Re: MX2 Integration Marathon

braintic said:
I think you've somewhat overcomplicated this integral.

The integral is done in the 1st quadrant, so the absolute values are unnecessary.
And sin x + cos x integrates as it stands - there is no need to transform it.

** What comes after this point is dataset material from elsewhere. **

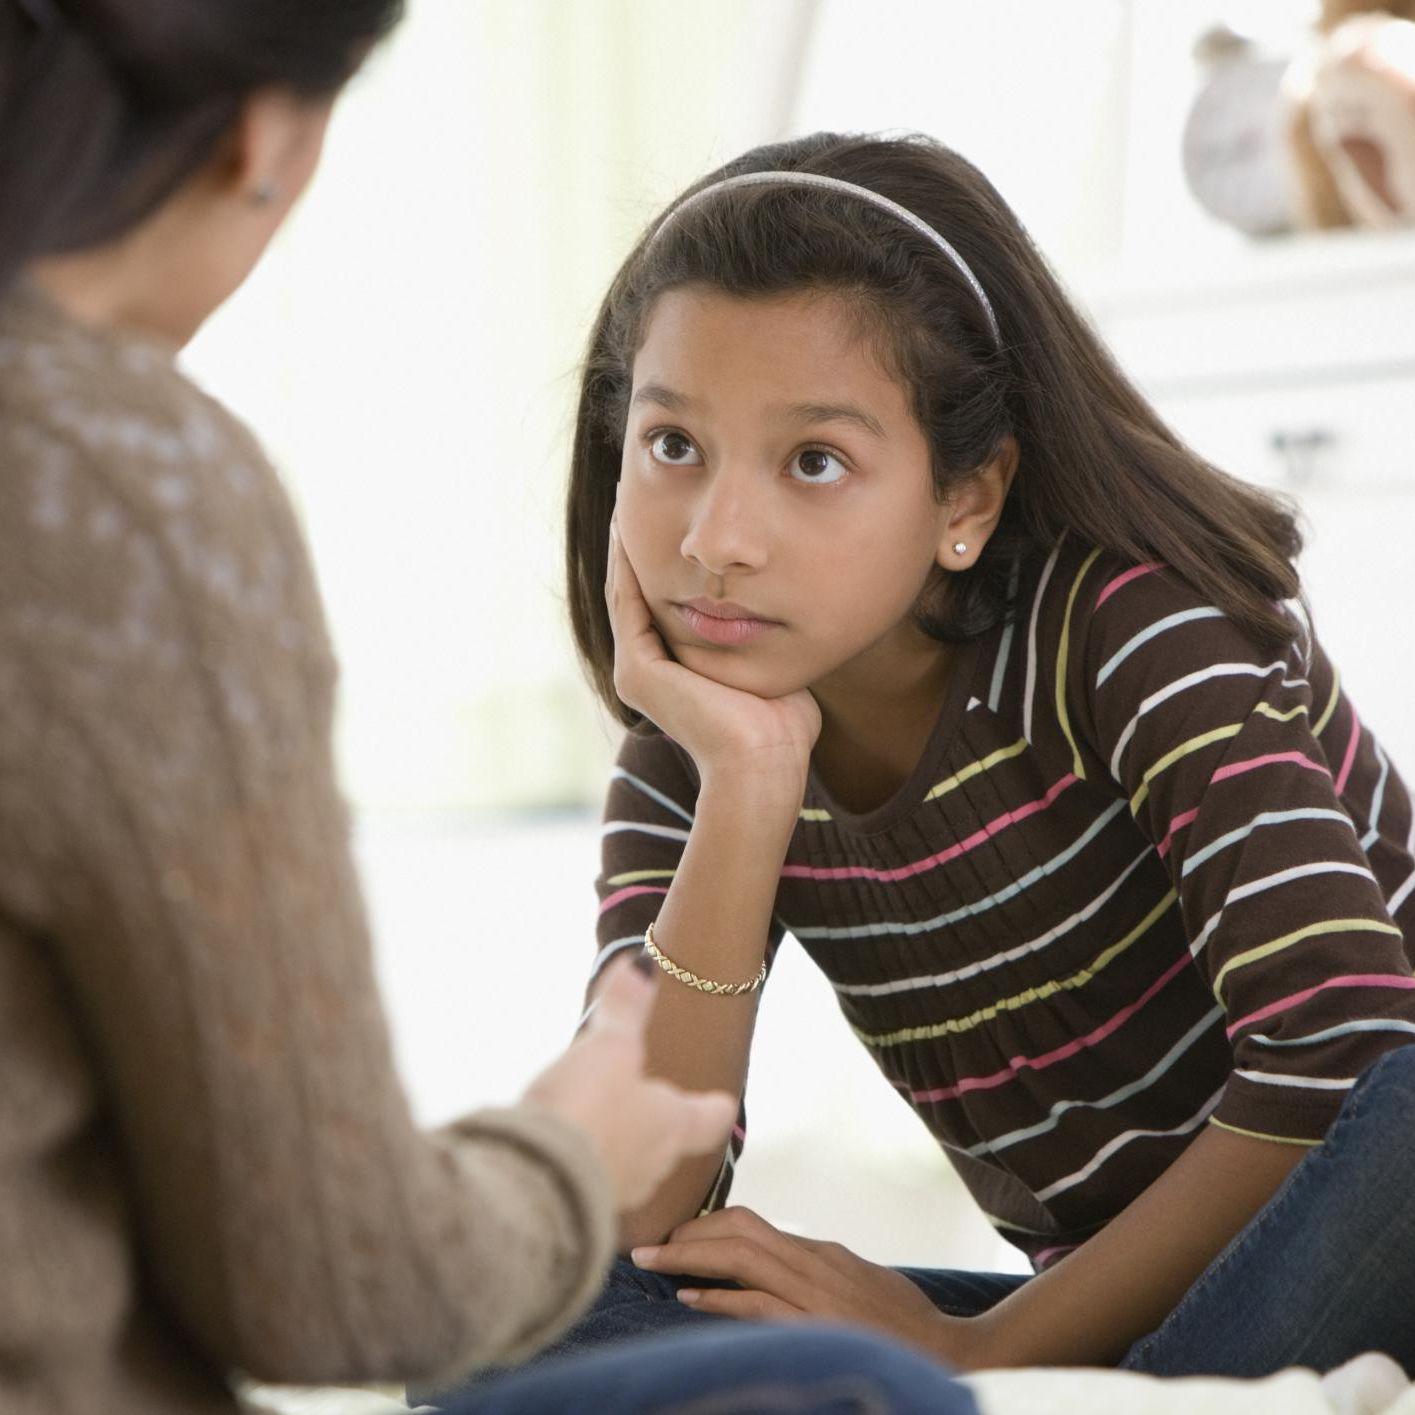 8 Ways to Avoid Raising a Bully

Yeah you're right. works out the same.

HeroicPandas · Jun 9, 2013

Re: MX2 Integration Marathon

asianese said:
$[tex]\int \tan^{-1}\sqrt x \mathop{\mathrm{d}x}$
$\int \dfrac{\sin x +\cos x}{\sqrt[3]{\sin x - \cos x}} \mathop{\mathrm{d}x}$

1. Let u^2 = x
2. IBP

$I = 2\left ( \frac{u^2}{2}tan^{-1}u - \frac{1}{2}\int \frac{u^2du}{1+u^2} \right ) +C \\ \\ I = 2 \left ( \frac{u^2}{2}tan^{-1}u - \frac{1}{2} \left ( u - tan^{-1}u \right )\right ) +C \\ \\ I = x tan^{-1} {\sqrt{x}} + tan^{-1}{\sqrt{x}} - \sqrt{x} +C?$

Next one

$\int \dfrac{\sin x +\cos x}{\sqrt[3]{\sin x - \cos x}} \mathop{\mathrm{d}x}$

Let u^3 = sinx - cosx

3u^2 du = (cosx + sinx)dx

therefore, $I = 3\int udu = 3\frac{(sinx-cosx)^\frac{2}{3}}{2} +C$

problème

$$Find $\int_{-2}^{2} \frac{x^2}{e^x +1}dx$

seanieg89 · Jun 9, 2013

Re: MX2 Integration Marathon

HeroicPandas said:
1. Let u^2 = x
2. IBP

$I = 2\left ( \frac{u^2}{2}tan^{-1}u - \frac{1}{2}\int \frac{u^2du}{1+u^2} \right ) +C \\ \\ I = 2 \left ( \frac{u^2}{2}tan^{-1}u - \frac{1}{2} \left ( u - tan^{-1}u \right )\right ) +C \\ \\ I = x tan^{-1} {\sqrt{x}} + tan^{-1}{\sqrt{x}} - \sqrt{x} +C?$

Next one

$\int \dfrac{\sin x +\cos x}{\sqrt[3]{\sin x - \cos x}} \mathop{\mathrm{d}x}$

Let u^3 = sinx - cosx

3u^2 du = (cosx + sinx)dx

therefore, $I = 3\int udu = 3\frac{(sinx-cosx)^\frac{2}{3}}{2} +C$

problème

$$Find $\int \frac{x^2}{e^x +1}dx$

Pretty sure no elementary primitive exists. Can people please be more careful when posting questions?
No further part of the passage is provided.